From: Ballowe, Charles (CBallowe@usg.com)
Date: Thu May 30 2002 - 12:19:09 EDT

• Next message: Vladimir Parkhaev: "Re: PEN Testing a everchanging realm in apache"
• Previous message: Jon Bull: "Re: Scanners and unpublished vulnerabilities - Full Disclosure"
• Maybe in reply to: Coral J. Cook: "Training Lab Question"
• Next in thread: Joe.McGean@allianz.ie: "Re: Training Lab Question"
• Messages sorted by: [ date ] [ thread ] [ subject ] [ author ] [ attachment ]

Since it is a training lab, let the students have root. Expect
to re-image the disks on the student machines after every class
passes through. Consider that somebody doing a pen-test will
likely be doing it from their own machine, they will most likely
have root.

It may not be the safest, but is the most realistic way to train them.
Give them the tools that they will have in the field.
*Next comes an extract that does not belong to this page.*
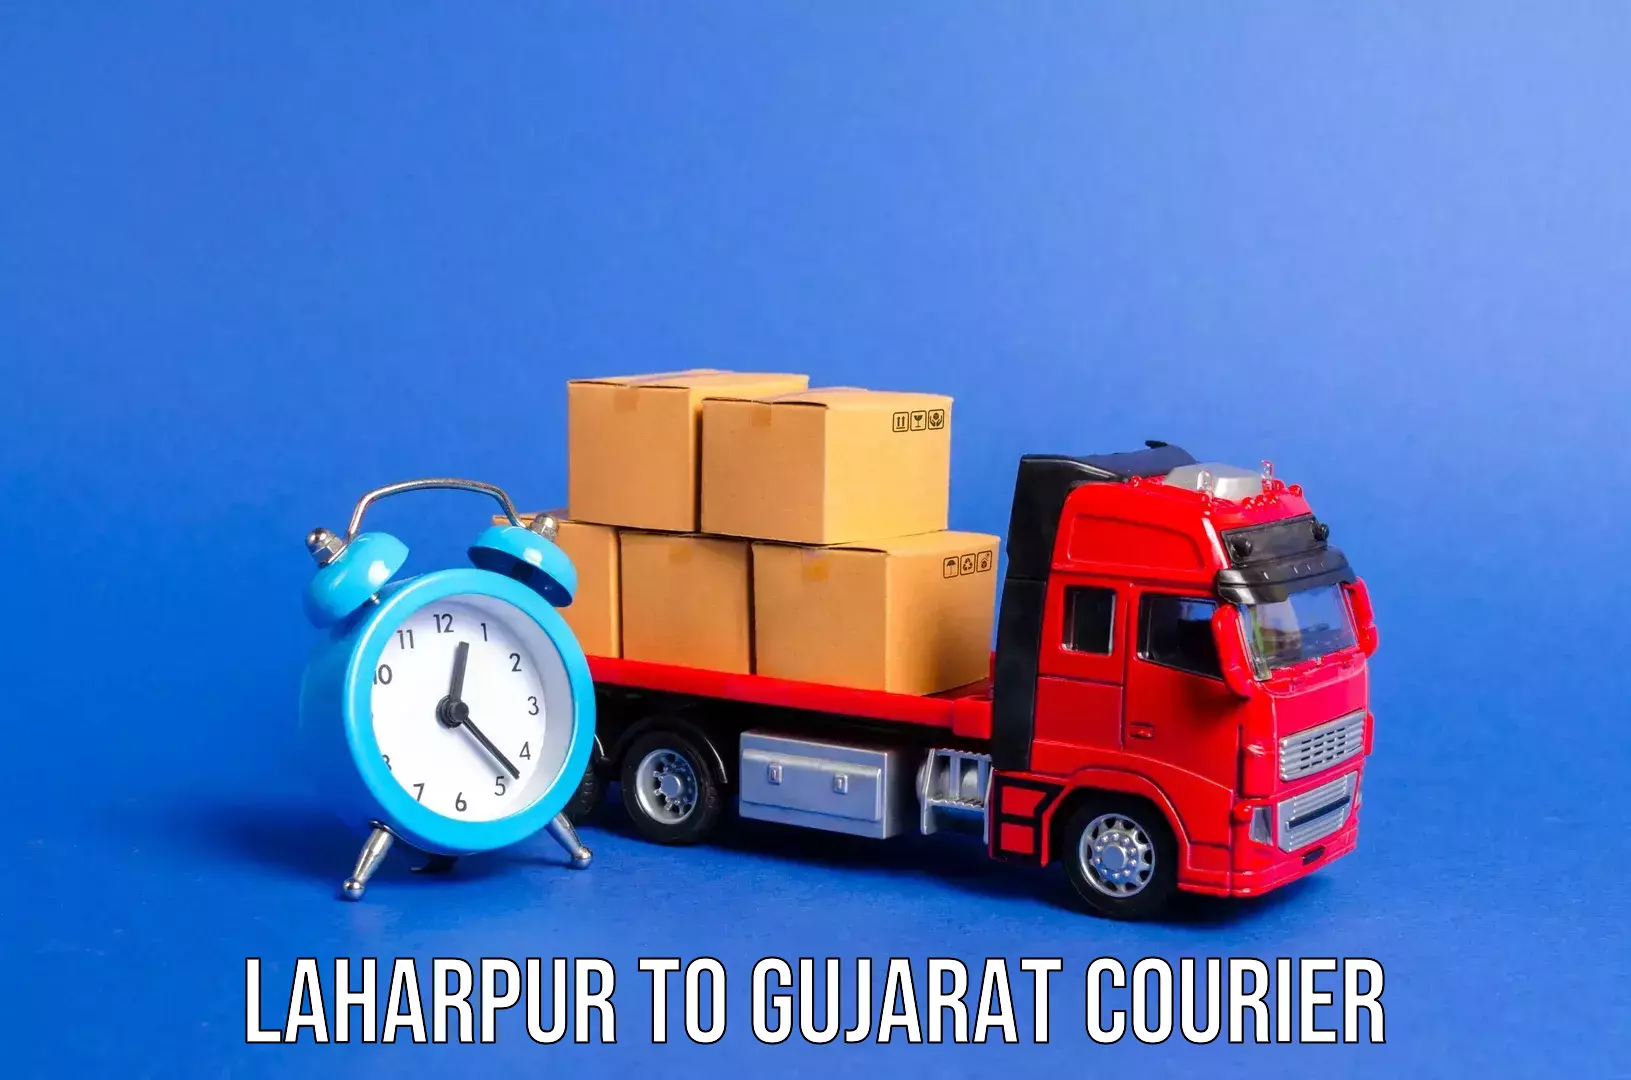 Luggage shipment processing Laharpur to Balasinor

I assume that you're already simulating a vulnerable network, you could
also do some host based pen-test training. Leave a vulnerable binary on
the student systems and have them exploit it before continuing on to
network pen-testing.

> -----Original Message-----
> From: Coral J. Cook [mailto:cjcook@nosc.mil]
> Sent: Wednesday, May 29, 2002 3:16 PM
> To: pen-test@securityfocus.com
> Subject: Training Lab Question
>
>
> This may be a bit off-topic, but I'd like some feedback on
> the following
> issue:
>
> I'm in the process of setting up a Pen Testing training lab. The lab
> consists of a network of target hosts and a network of attack
> hosts (student
> workstations). The student workstations running Slackware 8.x
> (current).
>
> Here's my question? What is the best/safest way to allow the
> students to run
> the tools (mostly nmap and various sniffers) that need root
> privileges for
> full functionality? Should I just make those tools suid root
> or should I use
> sudo? Are there any other alternatives? Thanks in advance.
>
> Coral
>
>
>
> --------------------------------------------------------------
> --------------
> This list is provided by the SecurityFocus Security
> Intelligence Alert (SIA)
> Service. For more information on SecurityFocus' SIA service which
> automatically alerts you to the latest security
> vulnerabilities please see:
> https://alerts.securityfocus.com/
>

----------------------------------------------------------------------------
This list is provided by the SecurityFocus Security Intelligence Alert (SIA)
Service. For more information on SecurityFocus' SIA service which
automatically alerts you to the latest security vulnerabilities please see:
https://alerts.securityfocus.com/

• Next message: Vladimir Parkhaev: "Re: PEN Testing a everchanging realm in apache"
• Previous message: Jon Bull: "Re: Scanners and unpublished vulnerabilities - Full Disclosure"
• Maybe in reply to: Coral J. Cook: "Training Lab Question"
• Next in thread: Joe.McGean@allianz.ie: "Re: Training Lab Question"
• Messages sorted by: [ date ] [ thread ] [ subject ] [ author ] [ attachment ]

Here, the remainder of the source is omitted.